The range to repeat runs from the line with "Ce tapis mesure 10' x 14'4" to the last line below, both ends included; give it exactly and without pictures.

Records from a collection:
--------------------

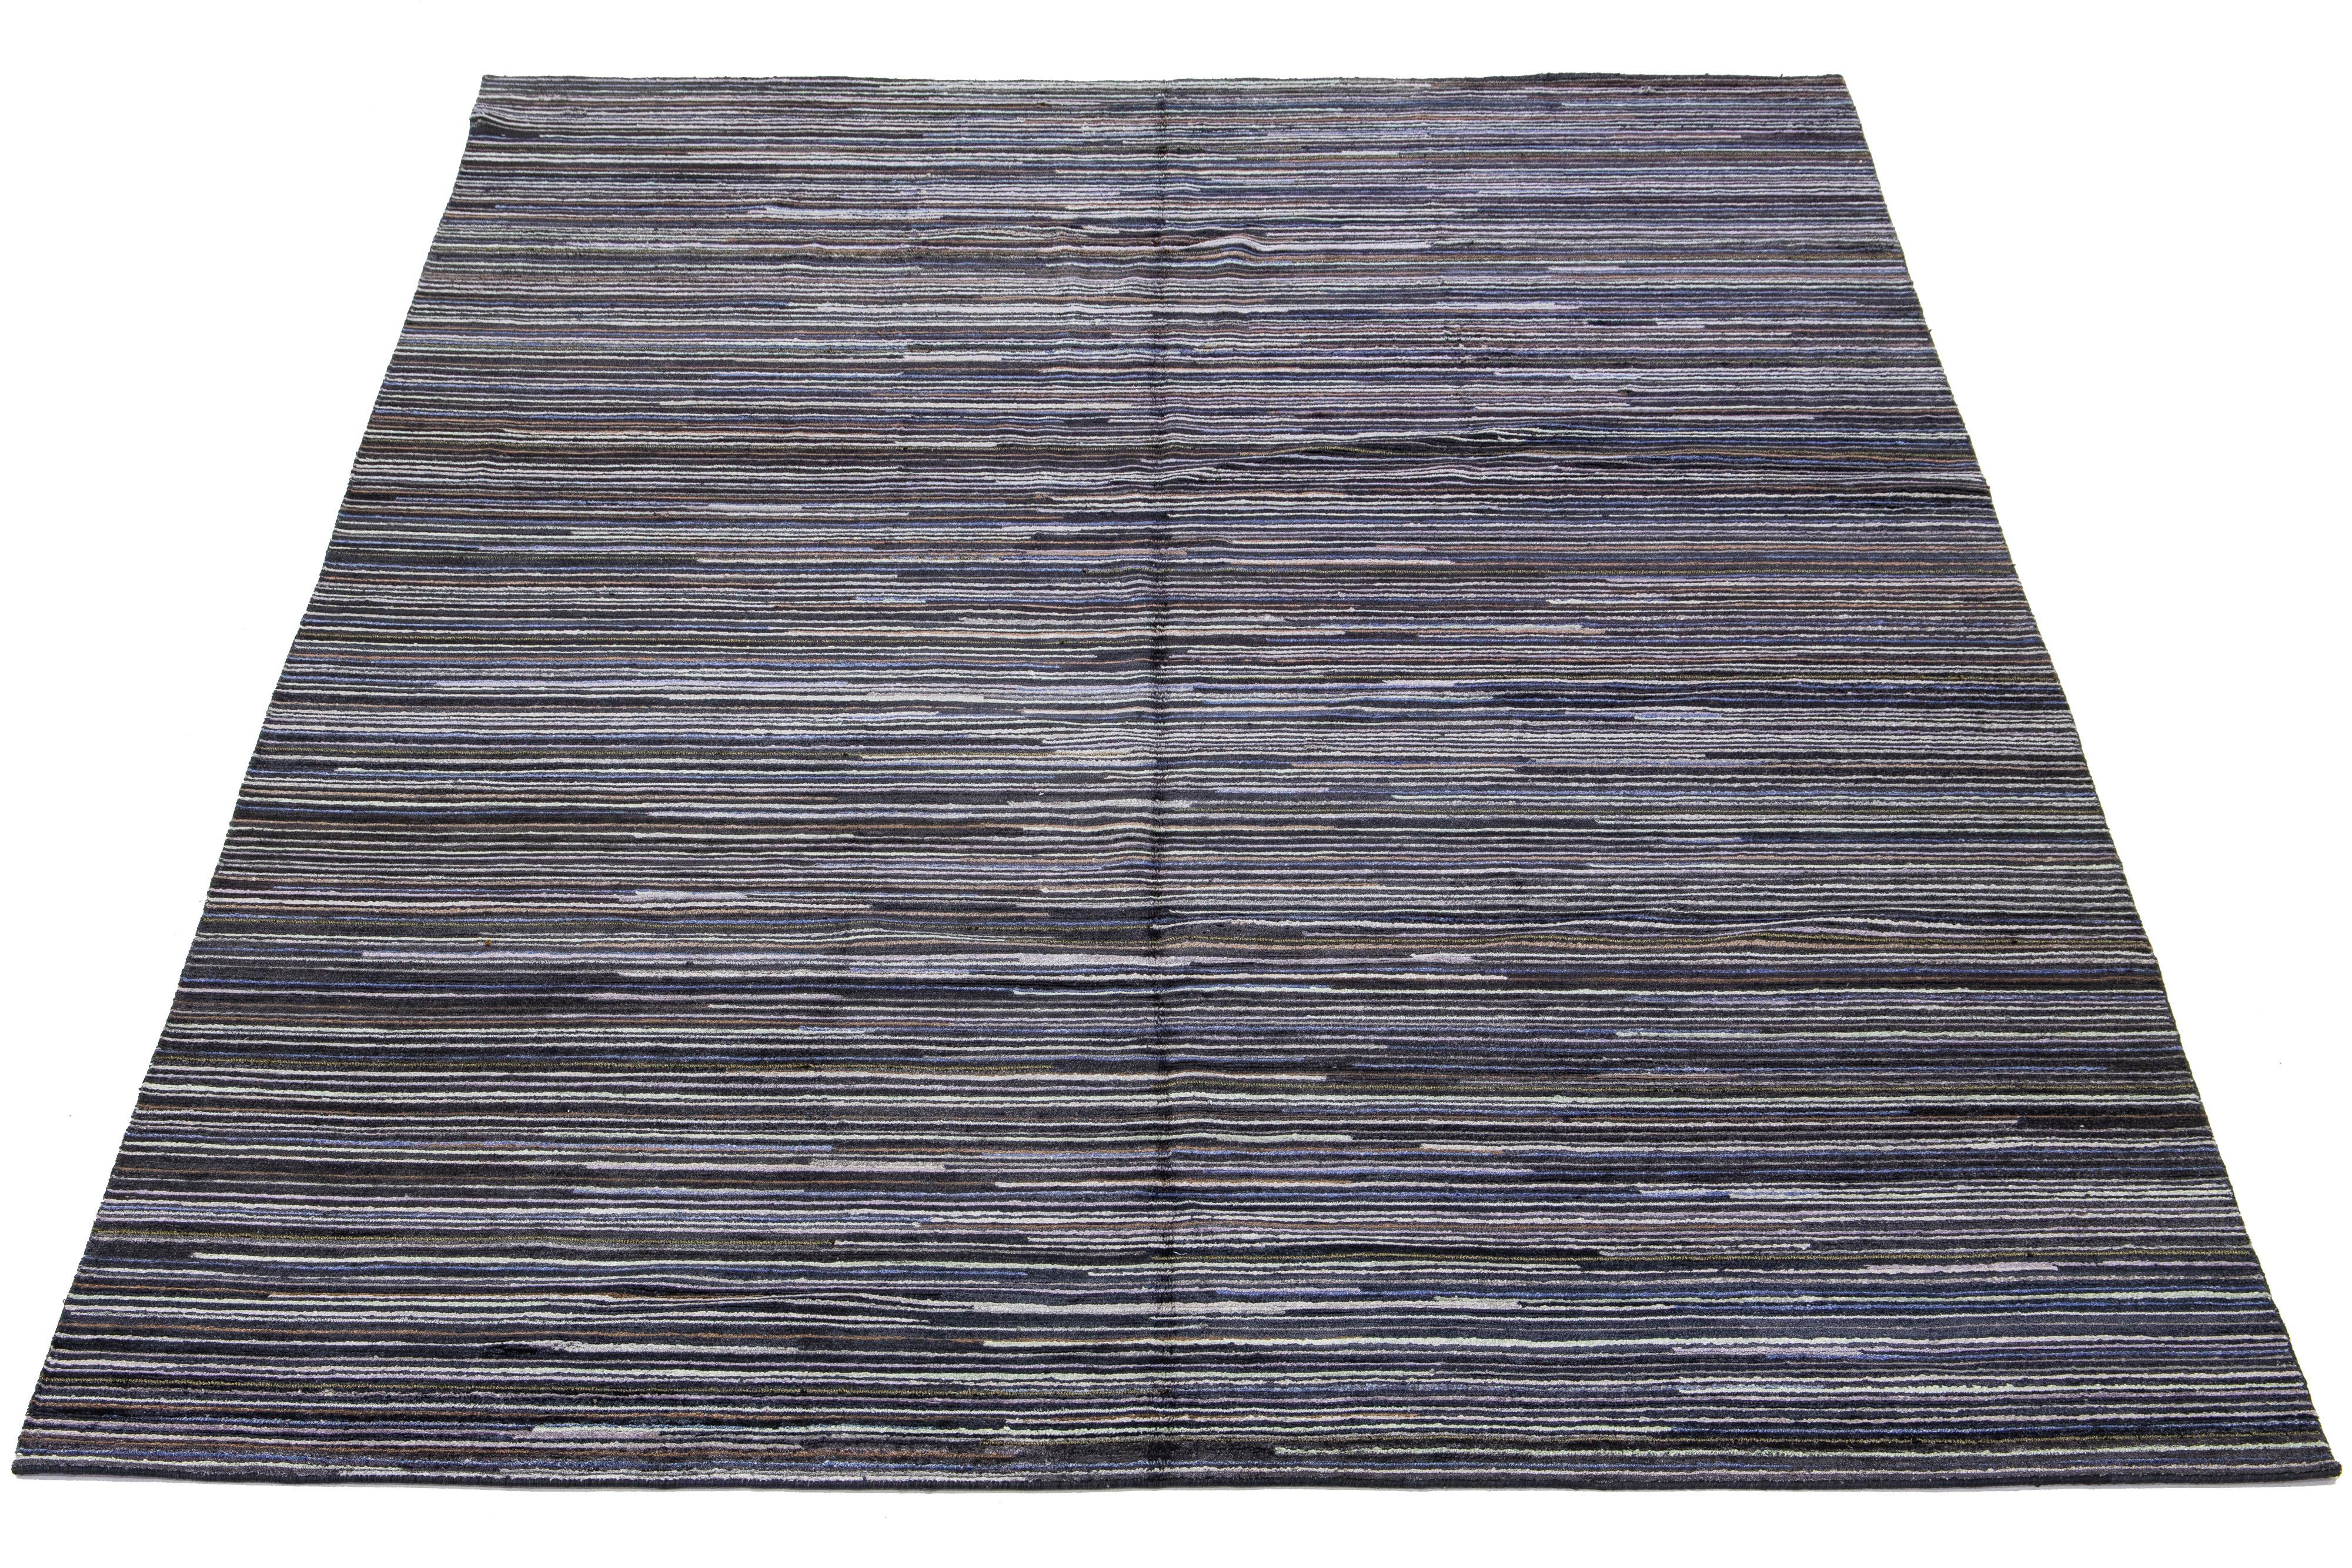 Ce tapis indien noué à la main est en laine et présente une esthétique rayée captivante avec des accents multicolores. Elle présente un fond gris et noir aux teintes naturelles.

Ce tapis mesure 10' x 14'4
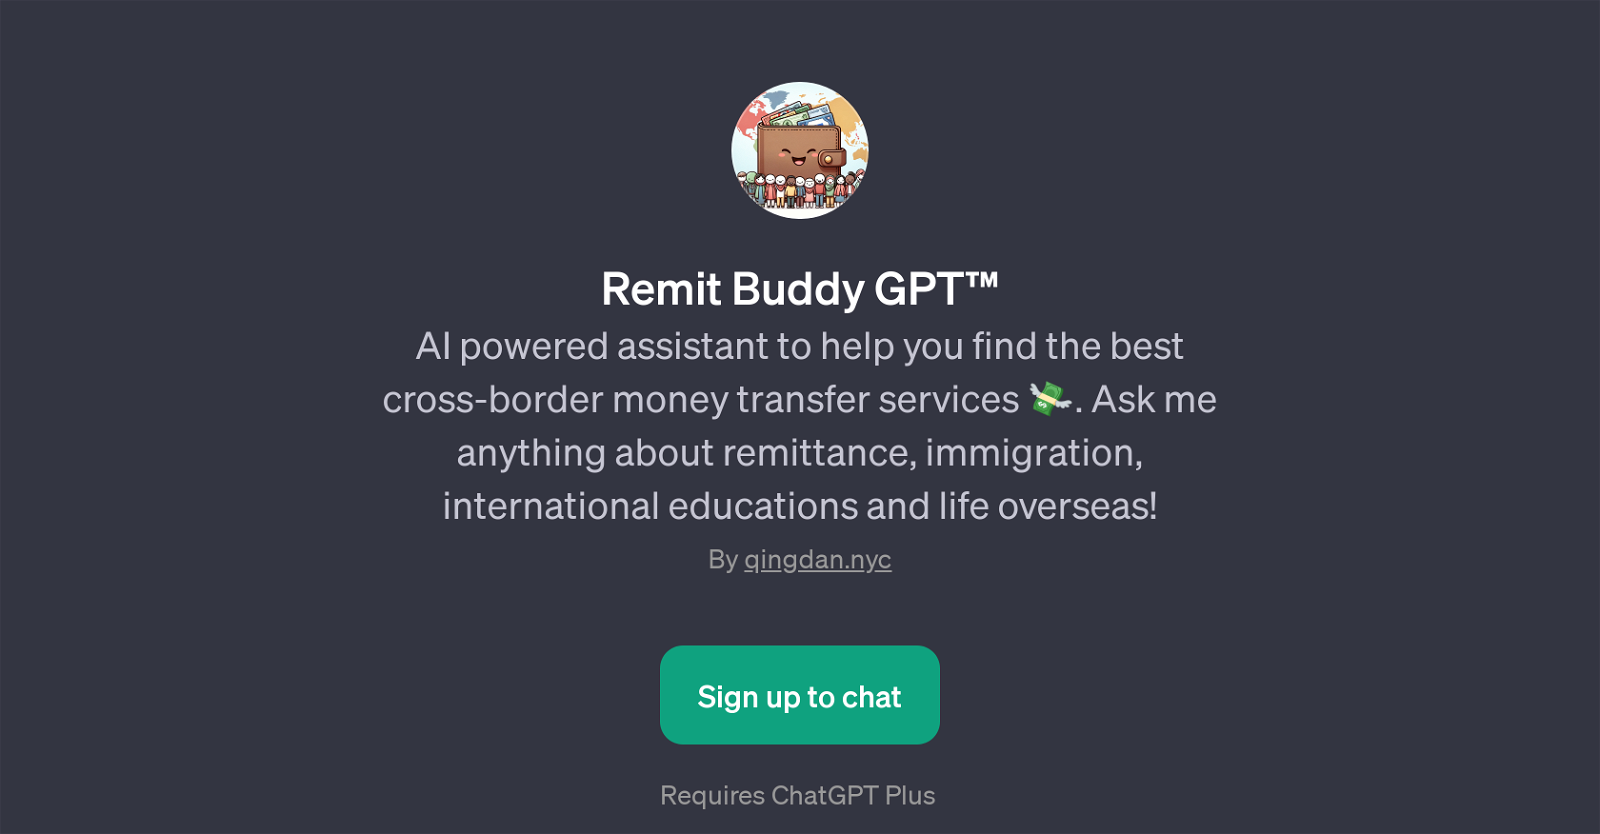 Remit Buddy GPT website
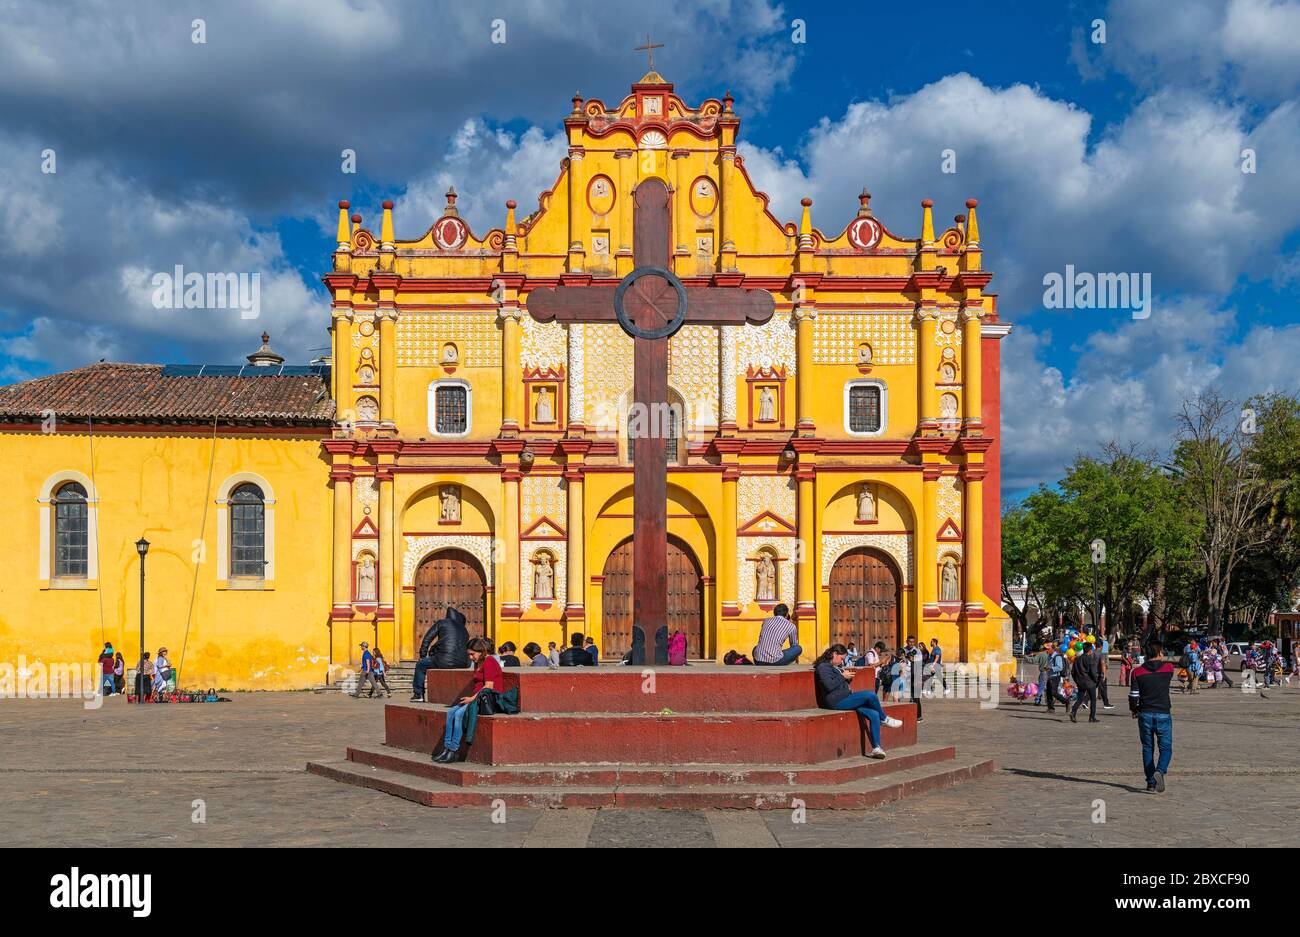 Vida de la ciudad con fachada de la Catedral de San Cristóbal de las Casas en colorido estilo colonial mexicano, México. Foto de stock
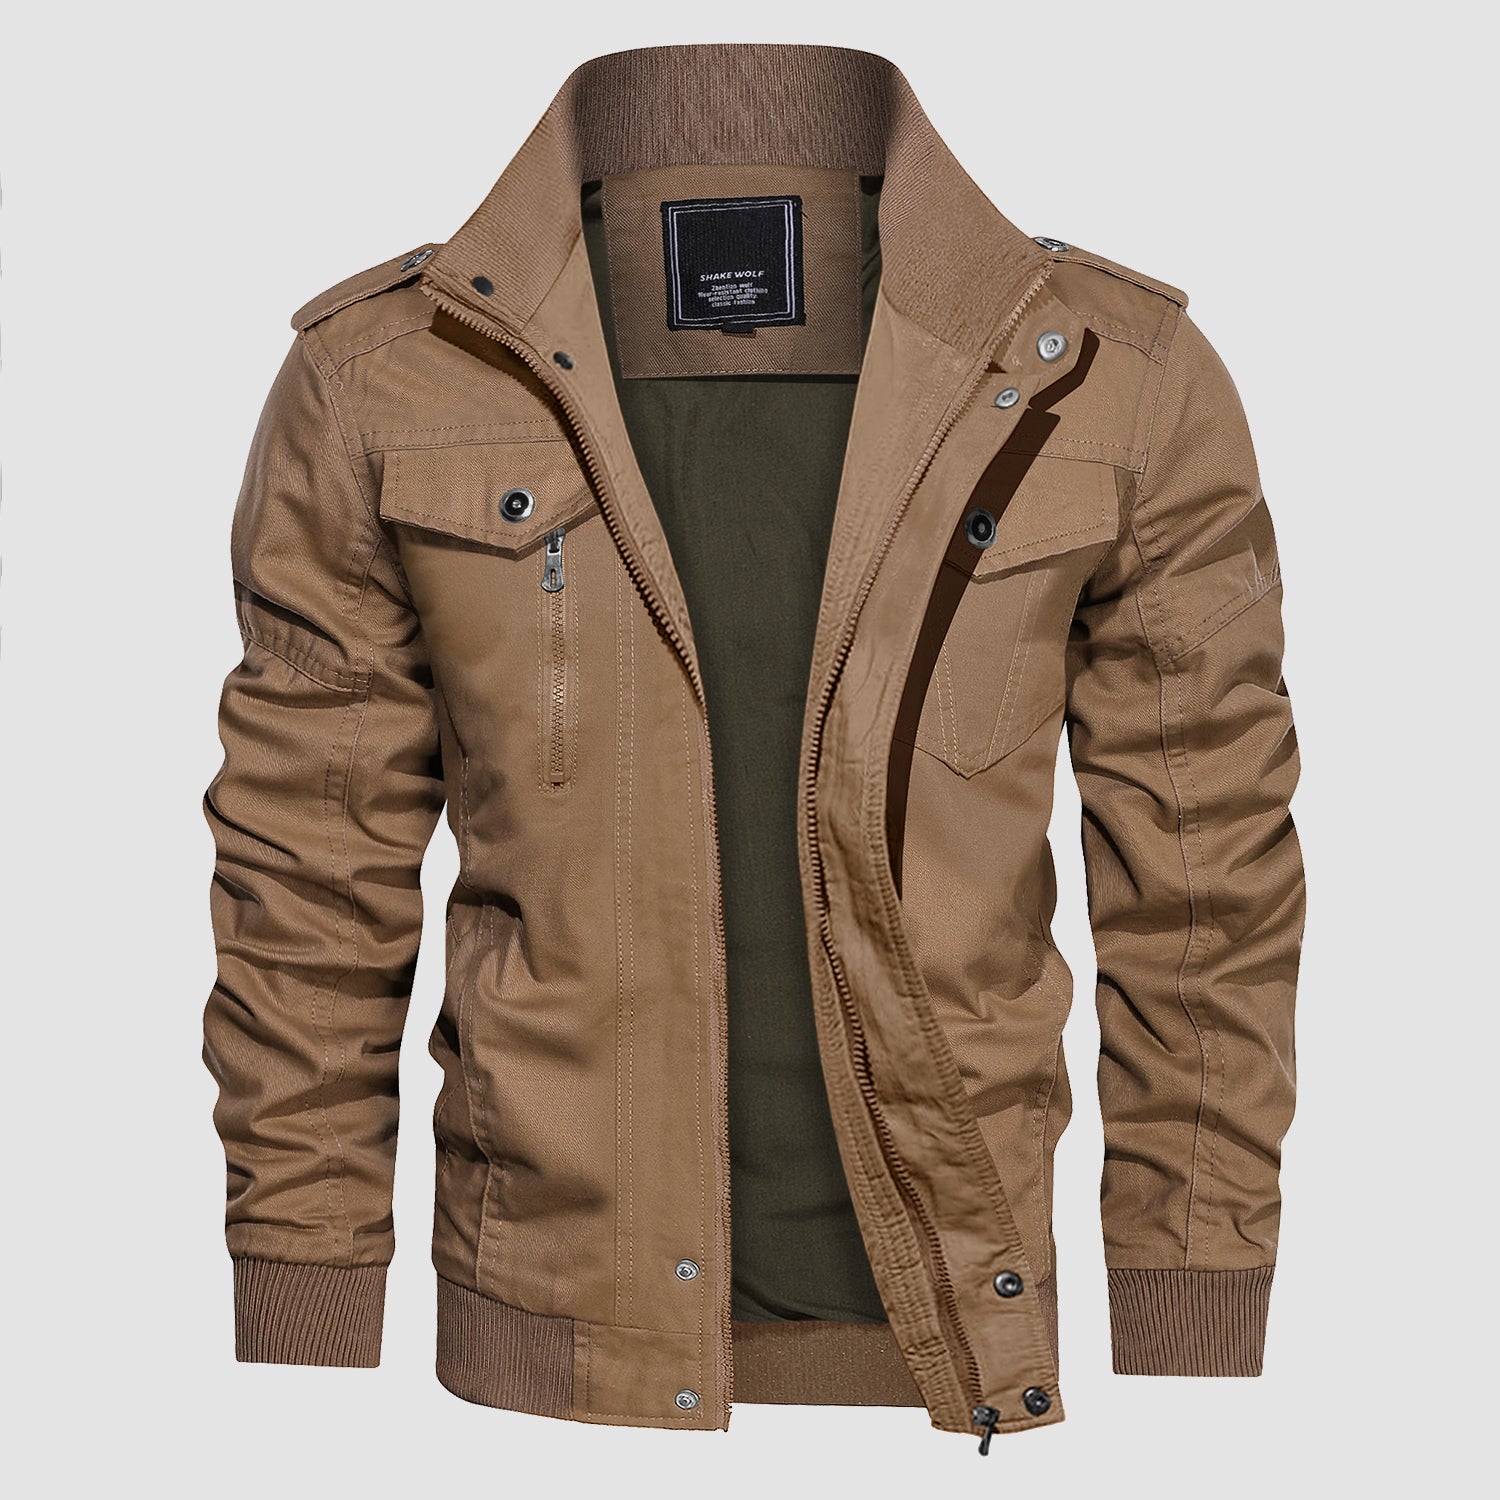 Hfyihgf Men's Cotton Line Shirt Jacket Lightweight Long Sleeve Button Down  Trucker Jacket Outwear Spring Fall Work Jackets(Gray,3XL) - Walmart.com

--------------------

Response to this exercise —
Ce tapis mesure 10' x 14'4
 Remit Buddy GPT website
 Vida de la ciudad con fachada de la Catedral de San Cristóbal de las Casas en colorido estilo colonial mexicano, México. Foto de stock
 Hfyihgf Men's Cotton Line Shirt Jacket Lightweight Long Sleeve Button Down  Trucker Jacket Outwear Spring Fall Work Jackets(Gray,3XL) - Walmart.com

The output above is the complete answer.